* _Recorded data_
-----

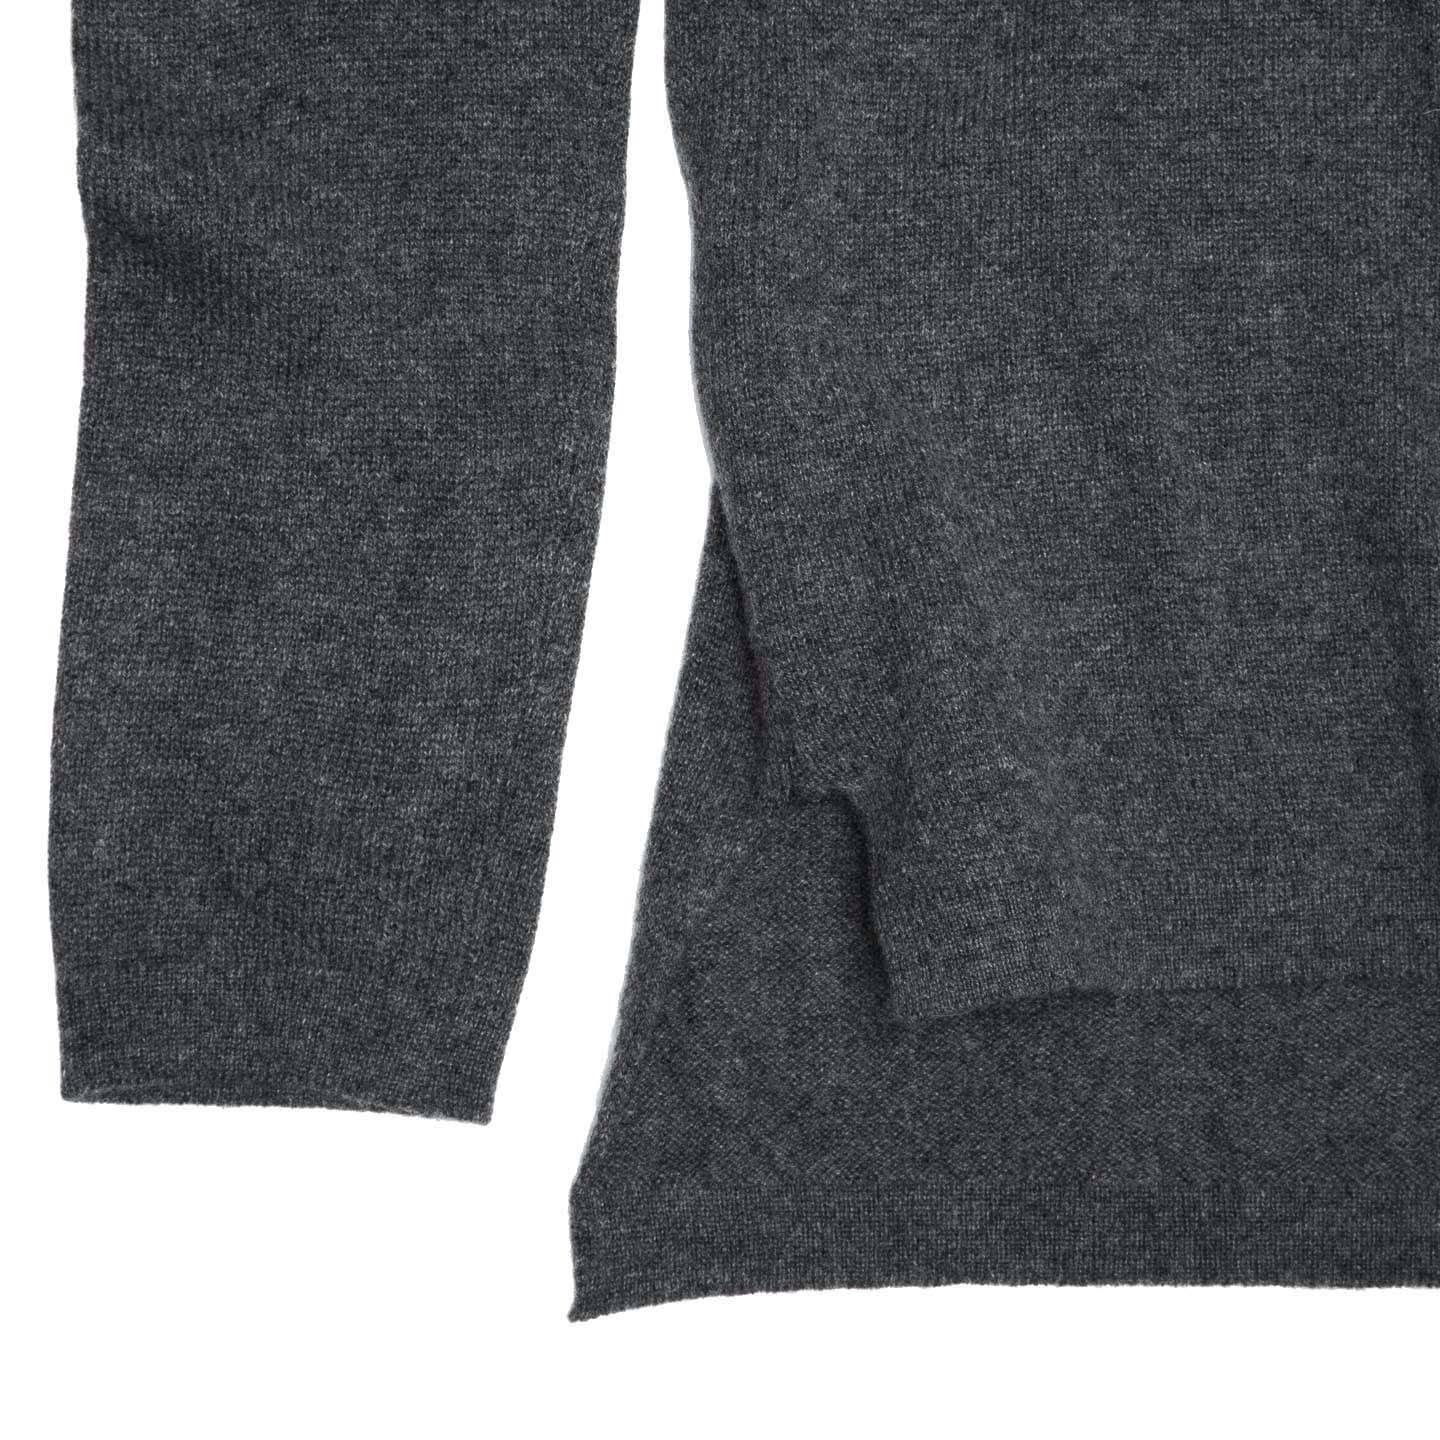 dark grey cashmere sweater
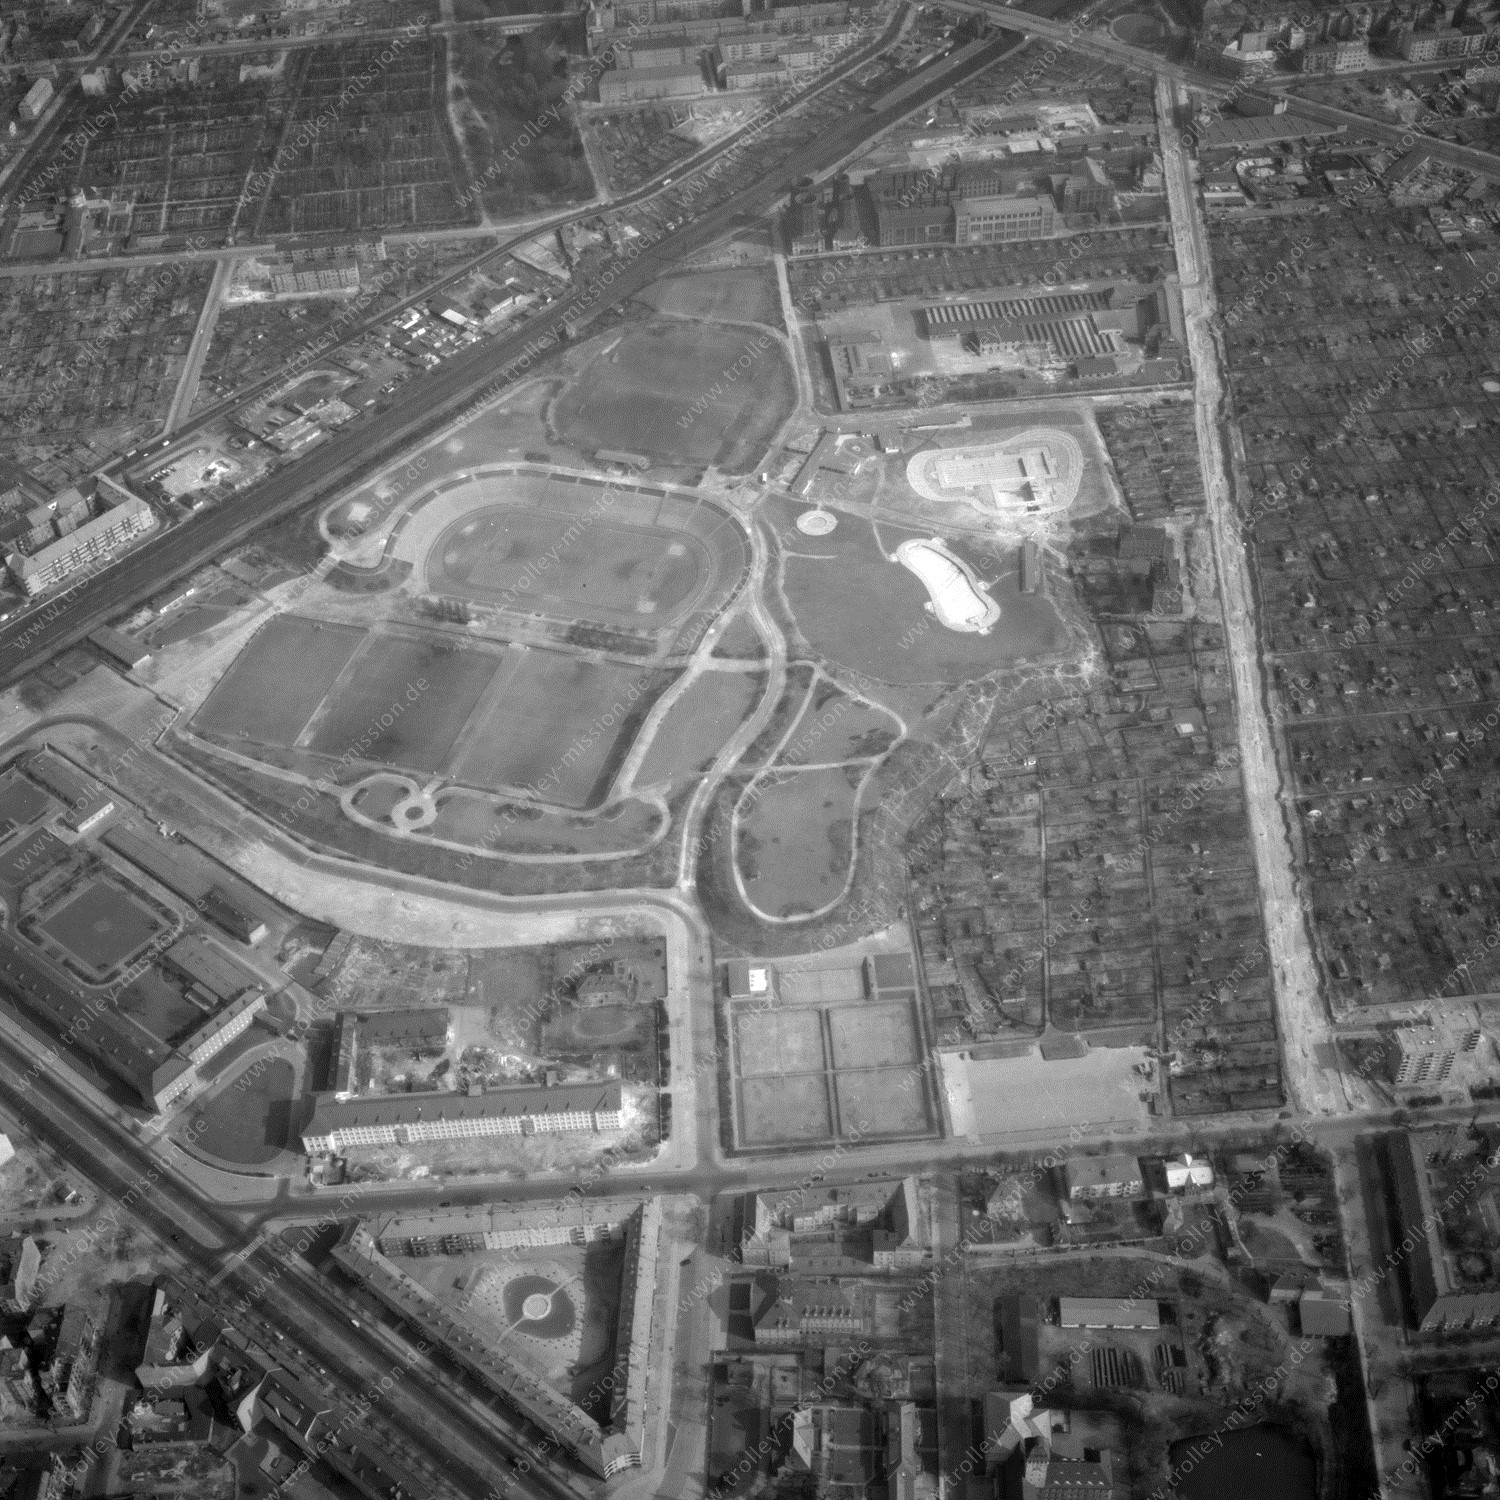 Alte Fotos und Luftbilder von Berlin - Luftbildaufnahme Nr. 02 - Historische Luftaufnahmen von West-Berlin aus dem Jahr 1954 - Flugstrecke Bravo
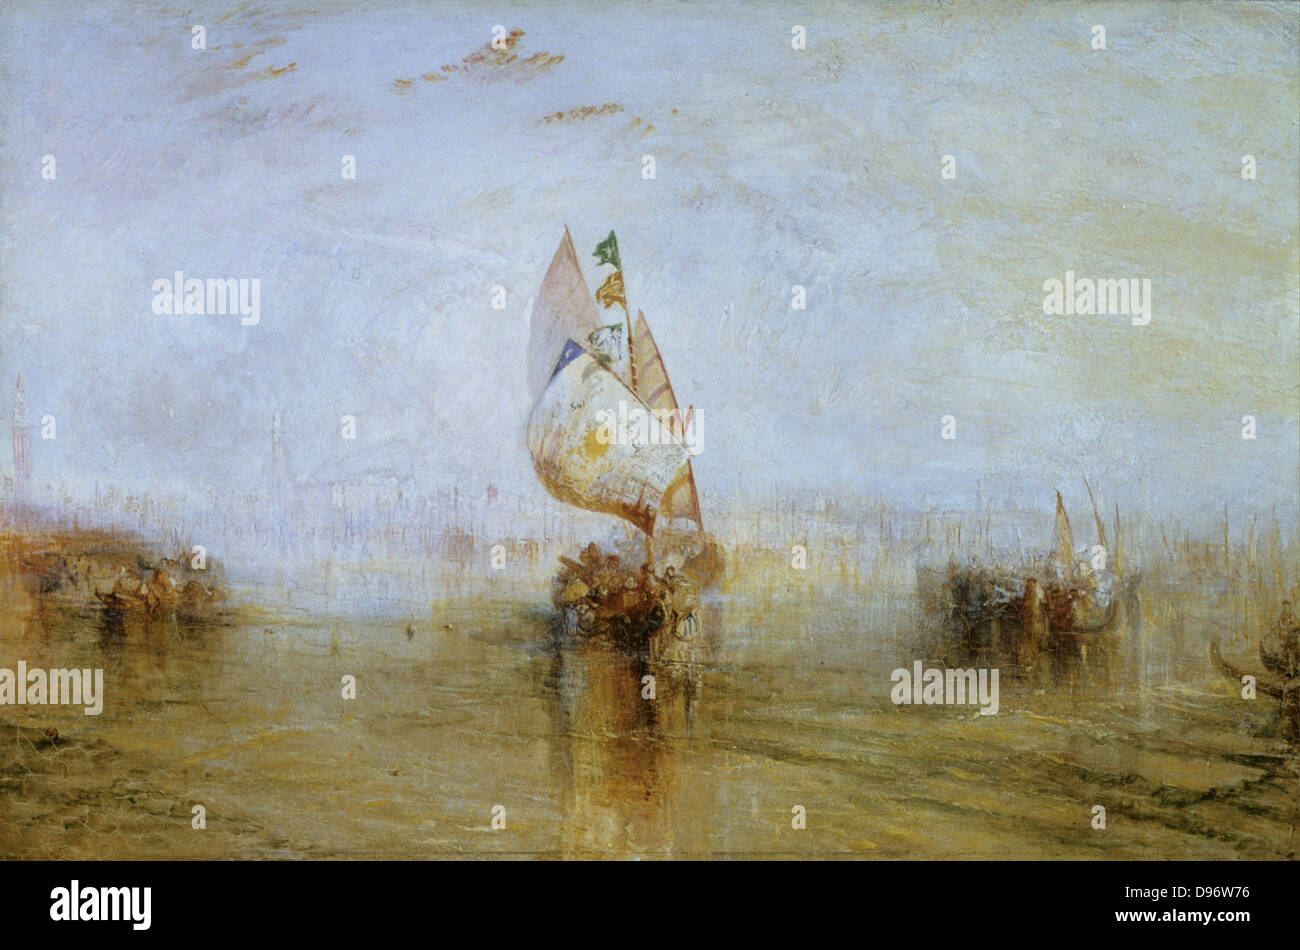 La Venise de 'Sun''Aller à la mer' exposées 1843 : Joseph Mallord William Turner (1775-1851) l'artiste anglais. Huile sur toile. Banque D'Images
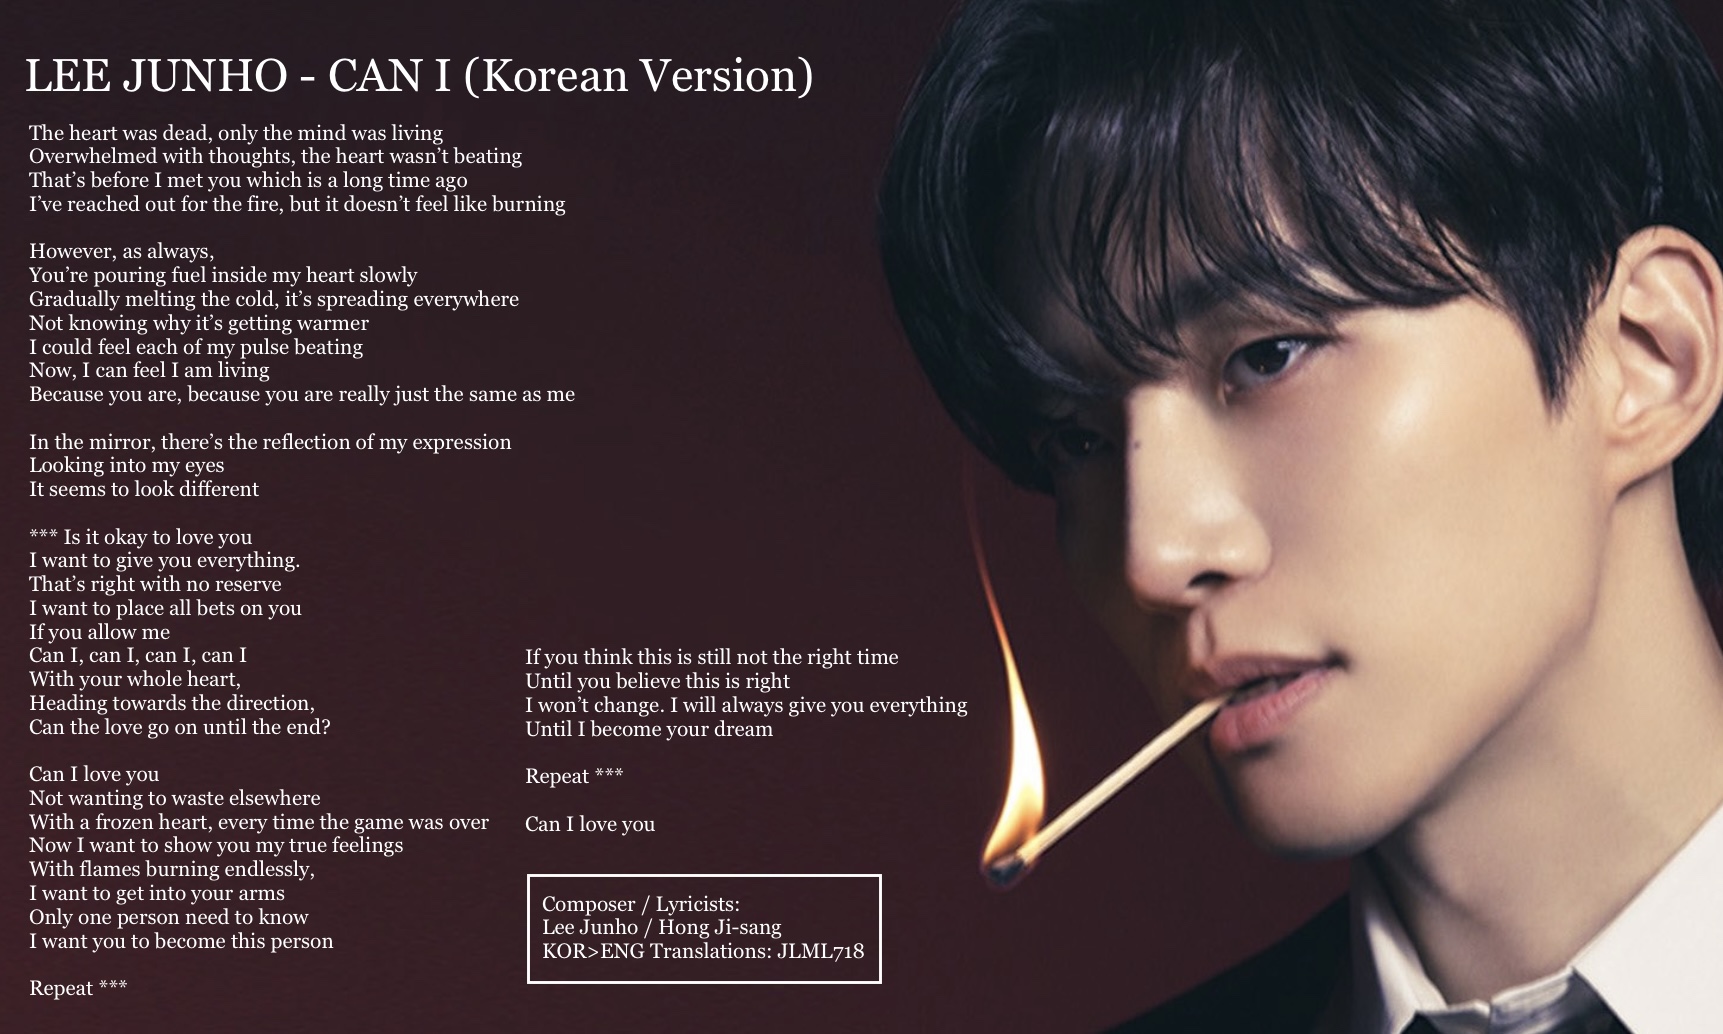 korean lyrics – JLML718's 2PM BLOG

-----

* _Problem to work on_
Exactly repeat the material from its first line through the line with "Alte Fotos und", including both, and leave the pictures and everything else out.

* _Task result_
 dark grey cashmere sweater
 Alte Fotos und Luftbilder von Berlin - Luftbildaufnahme Nr. 02 - Historische Luftaufnahmen von West-Berlin aus dem Jahr 1954 - Flugstrecke Bravo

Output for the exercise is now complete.